8 thoughts on “Cuba May 1st Workers Parade in Pictures

  • You might want to spend sometime reading about US and MLB policy, they might not want to go back because the US and the MLB penalize them. In Mexico there is a lrage number of Cuban players who go back home, pay taxes because of agreements between Cuba and Mexico. US should do the same abd allow Cuba players (very nationalist like most Cubans) want to play for their country in international events…US does not allow that, Mexico does???

  • The players that play baseball in America don’t want to go back.

  • This is not your lucky day, I travel there often and visit hospital with groups learning about its medical system, much better than most hospital than in Latin America and free. Their writers are famous across the world, their painters, their athletes (now some play in Mexico, Japan) those who go to US cannot return because US will not allow it under embargo so they have to defect. They are healthier than Latin Americans and in cases than americans, especially minorities. $20 dollars in Cuba (now that the Euro is lower) can get you a lot of fresh food and the ration is free.Now that they can travel (I just had a Cuban friend visit) and returned how come millions are not leaving? It’s neither hell nor heaven, just a poor country doing the best it can while under attack by the US. On the terrorist list? Most terrorists are in the US.

  • The monthly rations don’t last two weeks, the hospitals are filthy, the education is loaded with propaganda and none of it is free. With average salaries at less than $20 per month, Cubans carry an effective tax rate of 95%.

    Oh, and they have no say or choice in any of it.

  • Yeah now they have lost their rights to go hungry, not having health care, free education, etc.

  • Notice how the machine guns are forcing people to participate! Haaa there is revolutionary Cuba for another century! Viva la revolucion!

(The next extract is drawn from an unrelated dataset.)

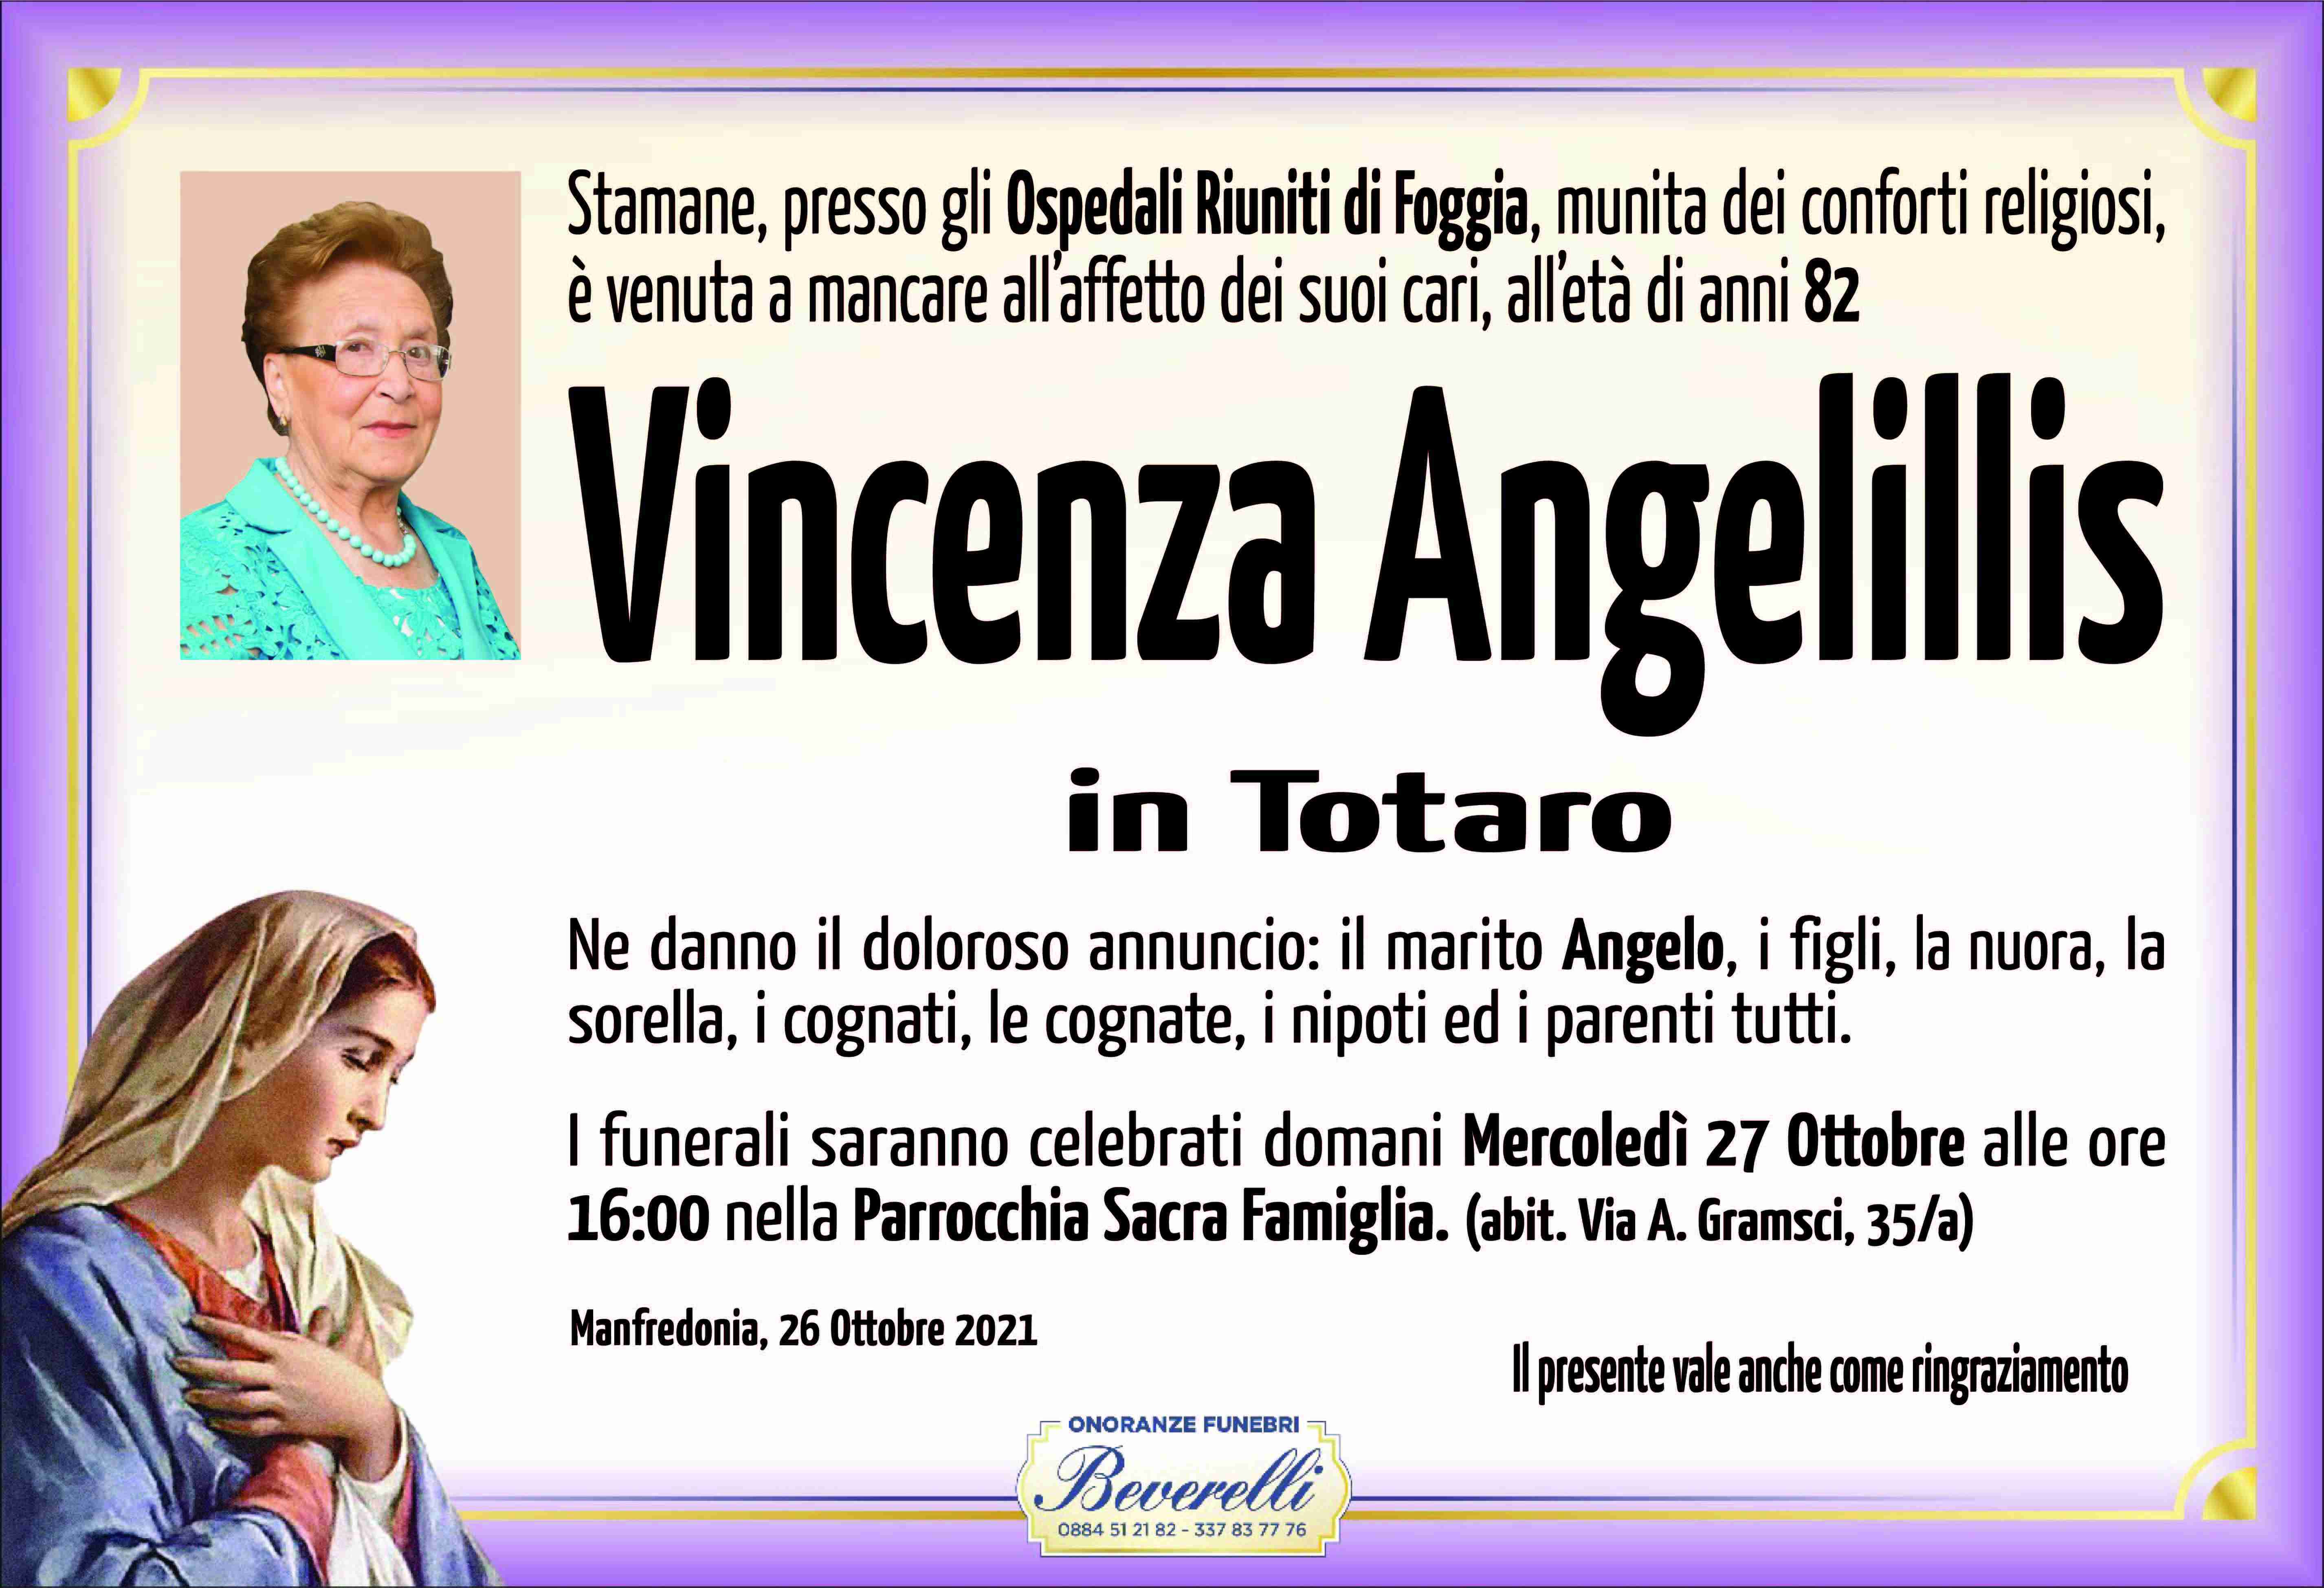 Vincenza Angelillis

  • LOL! Does anybody else find it bitterly ironic that the Cuban workers, under orders from their government controlled union to come out and march on May 1st , are photographed holding portraits of the man who took away from the Cuban workers the right to strike and the right to collective bargaining?

    “By no means can Cuban workers go on strike!” declared the Minister of Industries, Che Guevara, on June 26, 1961. “Cuban workers must adjust to life in a collectivist social order!”

  • Thanks for the fotos, Elio y Juan! !Fraternal May Day greetings from the “People’s Republic of Vermont!” The last time I attended May Day in Habana was in 2006, where I enjoyed one of Fidel’s last public appearances.
    Today, I attended May Day festivities here in Vermont, and am really energized! We filled the grounds of the state capitolio, and our march stretched down State Street for three long blocks, then up Main Street for another two. I’d estimate somewhere between 1,300 to 1,700. What is even more encouraging, perhaps two-thirds of the participants were young folks, in their teens, twenties and thirties, in addition to us usual refugees from the 1960’s (and older). Also, many young families with kids. In additon, a contingent of Mexican and Central American farm workers (a couple of speeches in Spanish), plus labor unions, environmental groups, etc. I bugged out an hour early to attend our own diminuitive May Day celebration here in Brattleboro (of around 50 participants, mostly elders, but still more young folks than last year. To make both events, had to zoom down I-89 and I-91, but made the 140 miles from Montepelier to Brattleboro in under two hours!